那是他在这世上,唯一的血肉至亲。

    唯一的牵挂,唯一的软肋,也是唯一的铠甲。

    可画面骤然一转。

    梦境的温存像一面镜子,毫无征兆地碎成了千万片。

    画面里,楚辞身着一身繁复华丽的红嫁衣,孤零零地坠入深不见底、荒无人烟的群山之中,被无边的黑暗与荒凉彻底吞噬。

    那抹红色太过浓烈刺眼,艳得像刚泼洒而出的鲜血,艳得像燎原的烈火,更像什么珍贵之物被烧成灰烬前,最后一缕凄厉、不甘、绝不肯消散的光。

    山风呼啸着灌入幽深的峡谷,吹得宽大的嫁衣猎猎作响,如同一面残破不堪、摇摇欲坠的旗帜,在风中无助地翻飞。

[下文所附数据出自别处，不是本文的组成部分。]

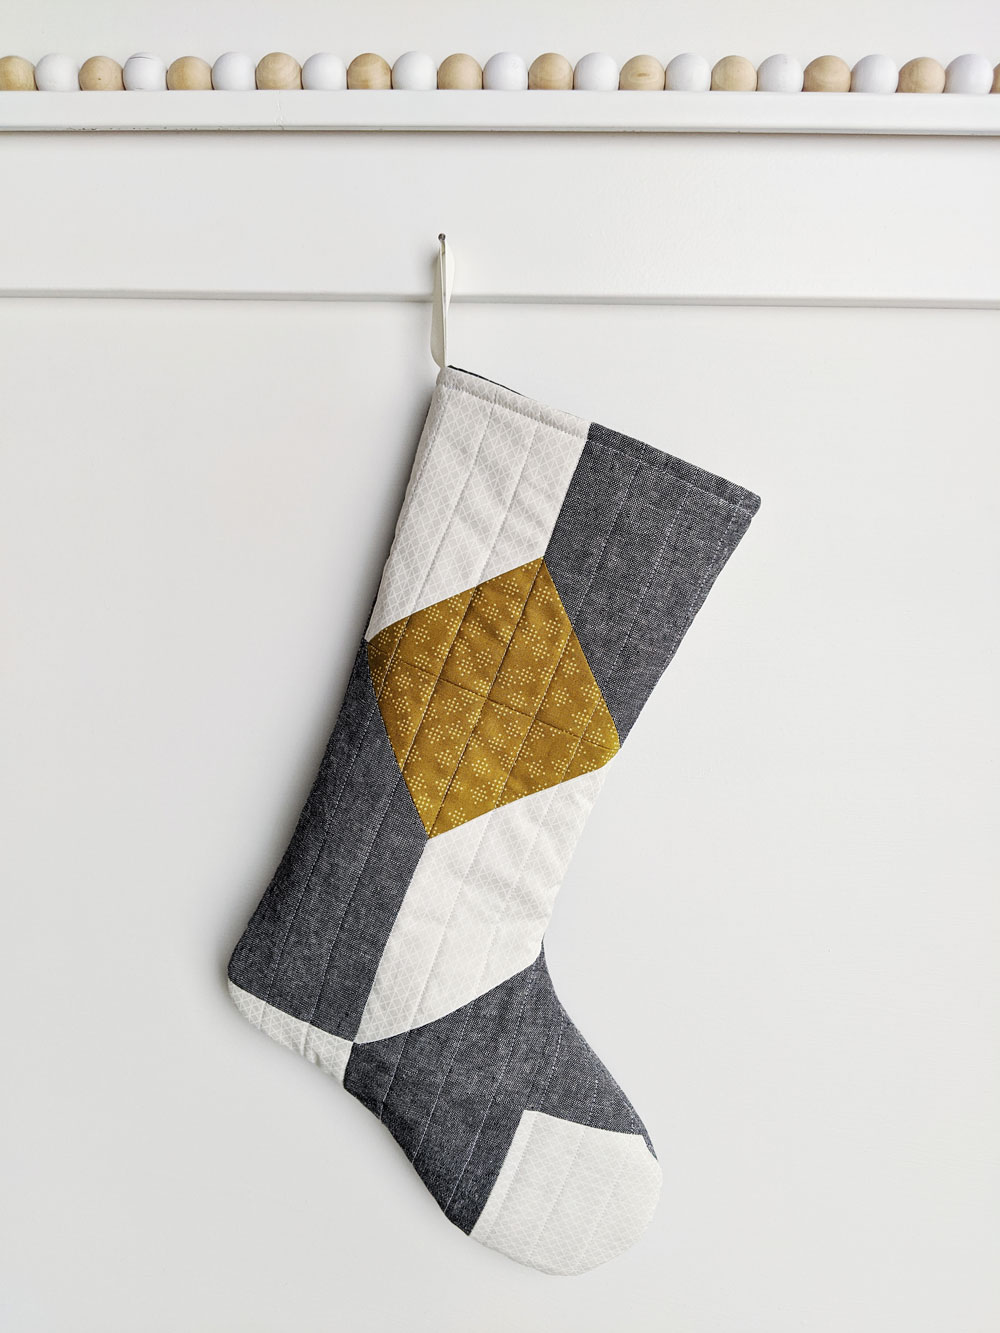 A free quilted Christmas stocking pattern right in time for the holidays! Sew a simple, modern stocking with this step by step tutorial. suzyquilts.com #DIYstocking #quilttutorial

    楚辞的脸庞,在艳红嫁衣的映衬下,白得近乎透明,双眼紧紧闭着,长长的睫毛微微颤动,像是陷入了沉睡,又像是再也不会醒来。

    他唇上涂着的那抹正红,在这荒寂苍凉的山野间,美得触目惊心,又透着说不出的诡异与悲凉。

    耳边,无端响起一阵婴儿尖锐刺耳的啼哭声。

    那哭声凄厉无比,听得人头皮发麻,一声接着一声,连绵不绝,像是从阴冷的地底传来,又像是从遥远的山谷尽头飘来,裹挟着一股古老、阴森,又充满不祥预兆的气息。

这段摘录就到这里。